Metformin is a potent inhibitor of endometrial cancer cell proliferation--implications for a novel treatment strategy

Abstract

Objectives: Obesity and diabetes are strong risk factors that drive the development of type I endometrial cancers. Recent epidemiological evidence suggests that metformin may lower cancer risk and reduce rates of cancer deaths among diabetic patients. In order to better understand metformin's anti-tumorigenic potential, our goal was to assess the effect of metformin on proliferation and expression of key targets of metformin cell signaling in endometrial cancer cell lines.

Methods: The endometrial cancer cell lines, ECC-1 and Ishikawa, were used. Cell proliferation was assessed after exposure to metformin. Cell cycle progression was evaluated by flow cytometry. Apoptosis was assessed by ELISA for caspase-3 activity. hTERT expression was determined by real-time RT-PCR. Western immunoblotting was performed to determine the expression of the downstream targets of metformin.

Results: Metformin potently inhibited growth in a dose-dependent manner in both cell lines (IC(50) of 1 mM). Treatment with metformin resulted in G1 arrest, induction of apoptosis and decreased hTERT expression. Western immunoblot analysis demonstrated that metformin induced phosphorylation of AMPK, its immediate downstream mediator, within 24 h of exposure. In parallel, treatment with metformin decreased phosphorylation of S6 protein, a key target of the mTOR pathway.
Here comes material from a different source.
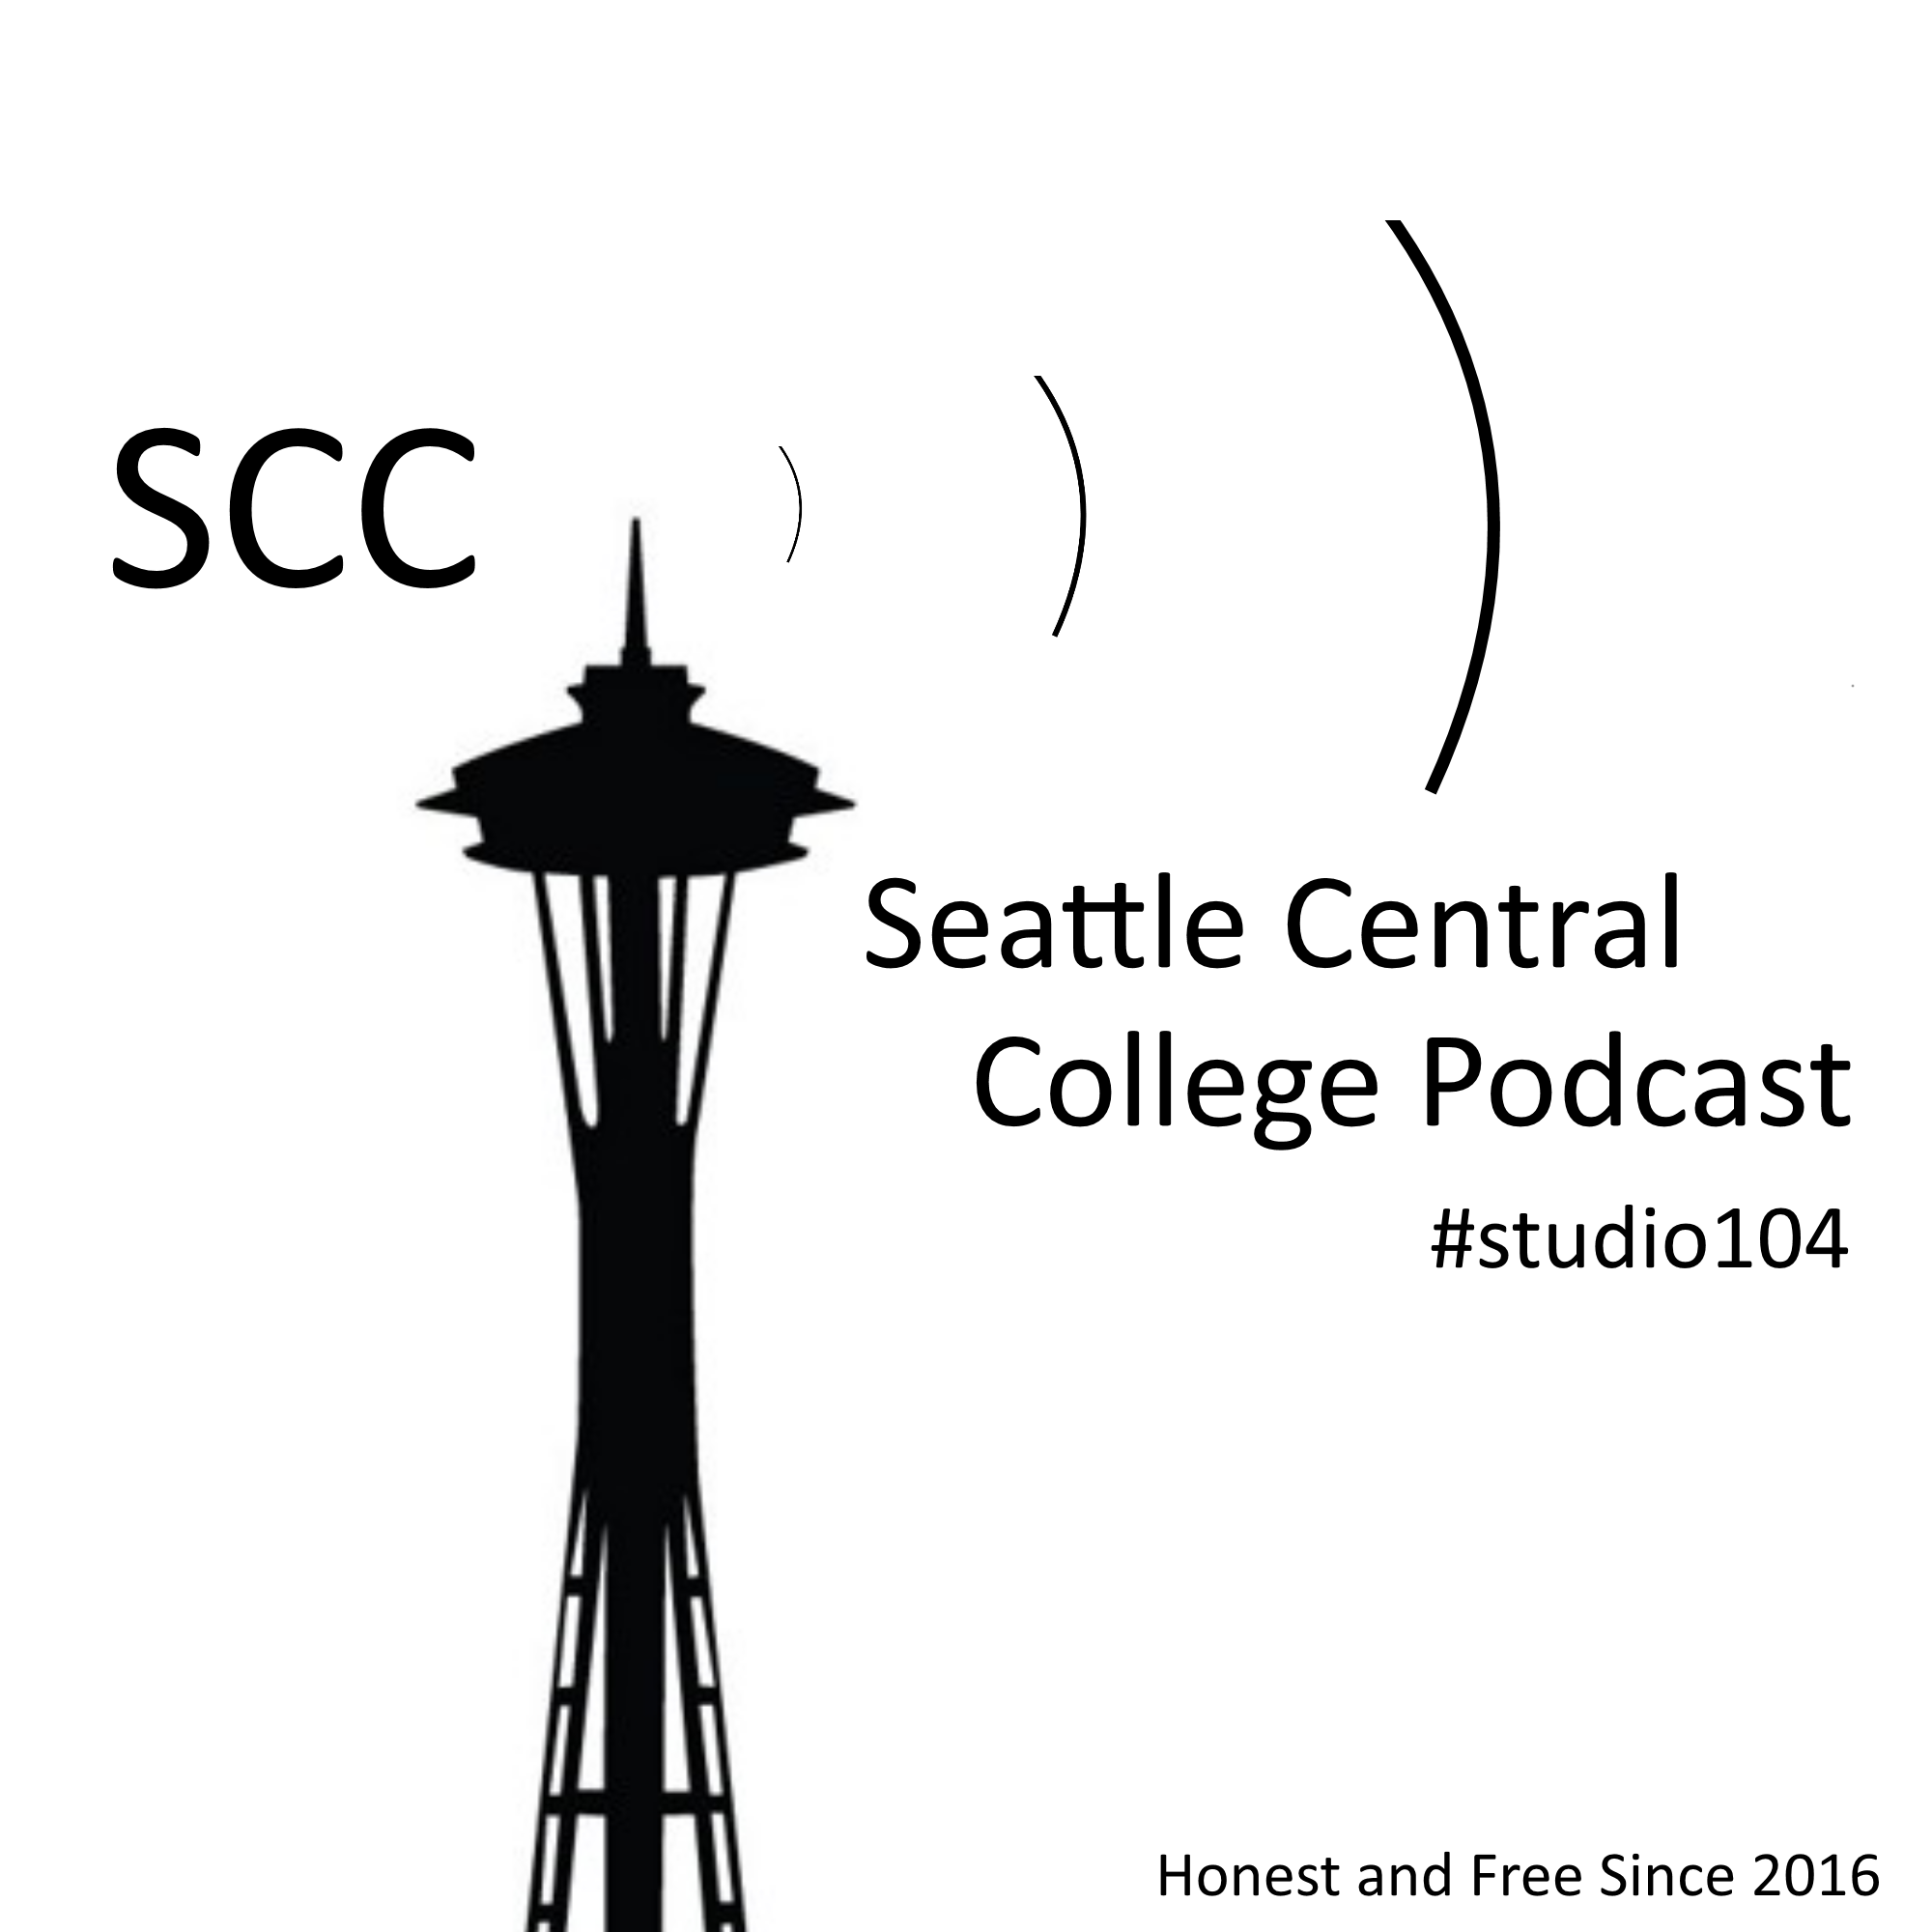 Seattle Central College Podcast

Conclusions: We find that metformin is a potent inhibitor of cell proliferation in endometrial cancer cell lines. This effect is partially mediated through AMPK activation and subsequent inhibition of the mTOR pathway. This work should provide the scientific foundation for future investigation of metformin as a strategy for endometrial cancer prevention and treatment.

Figure 1

Effect of metformin on proliferation of endometrial carcinoma cells. Ishikawa and ECC-1 cells were cultured in the presence of varying concentrations of metformin for 72 hours. Relative growth of cells were determined by MTT. The results are shown as the mean ± SE of triplicate samples and are representative of three independent experiments. (* indicates statistically significant difference)

Figure 2

Metformin inhibited cell cycle progression by arrest in G1 phase. The endometrial cancer cell lines, ECC-1 (A) and Ishikawa (B), were starved overnight and then stimulated with 15% serum and metformin at the noted concentrations for 36 hours. Cell cycle analysis was performed by flow cytometry. Results shown are representative of two independent experiments. (* indicates statistically significant difference)

Figure 3

Metformin induced apoptosis but only at high concentrations. The endometrial cancer cell lines (A) ECC-1 and (B) Ishikawa were grown for 24 hours and then treated with metformin at the indicated concentrations for an additional 24 hours. Apoptosis was assessed using an antibody to caspase-3. The results are shown as the mean +/- SD and are representative of two independent experiments. (* indicates statistically significant difference)

Figure 4

Metformin decreased hTERT mRNA expression in a dose-dependent manner in the (A) ECC-1 and (B) Ishikawa cell lines. Both cell lines were cultured for 24 hours and then treated with the indicated concentrations of metformin for an additional 24 hours. hTERT expression was determined by real-time RT-PCR. The results are shown as the mean ± SE of two independent experiments. (* indicates statistically significant difference)

Figure 5

In both endometrial cancer cell Lines ECC-1 (A & C) and Ishikawa (B & D), metformin increased phosphorylation of AMPK and decreased phosphorylation of S6 in a dose-dependent manner within 16 hours of exposure as determined by Western immunoblotting. Little effect was seen on total AMPK (Pan-AMPK) or total S6 (Pan-S6). Both cell lines expressed wild-type PTEN (E).

Figure 6

Interaction between the metformin and mTOR pathways.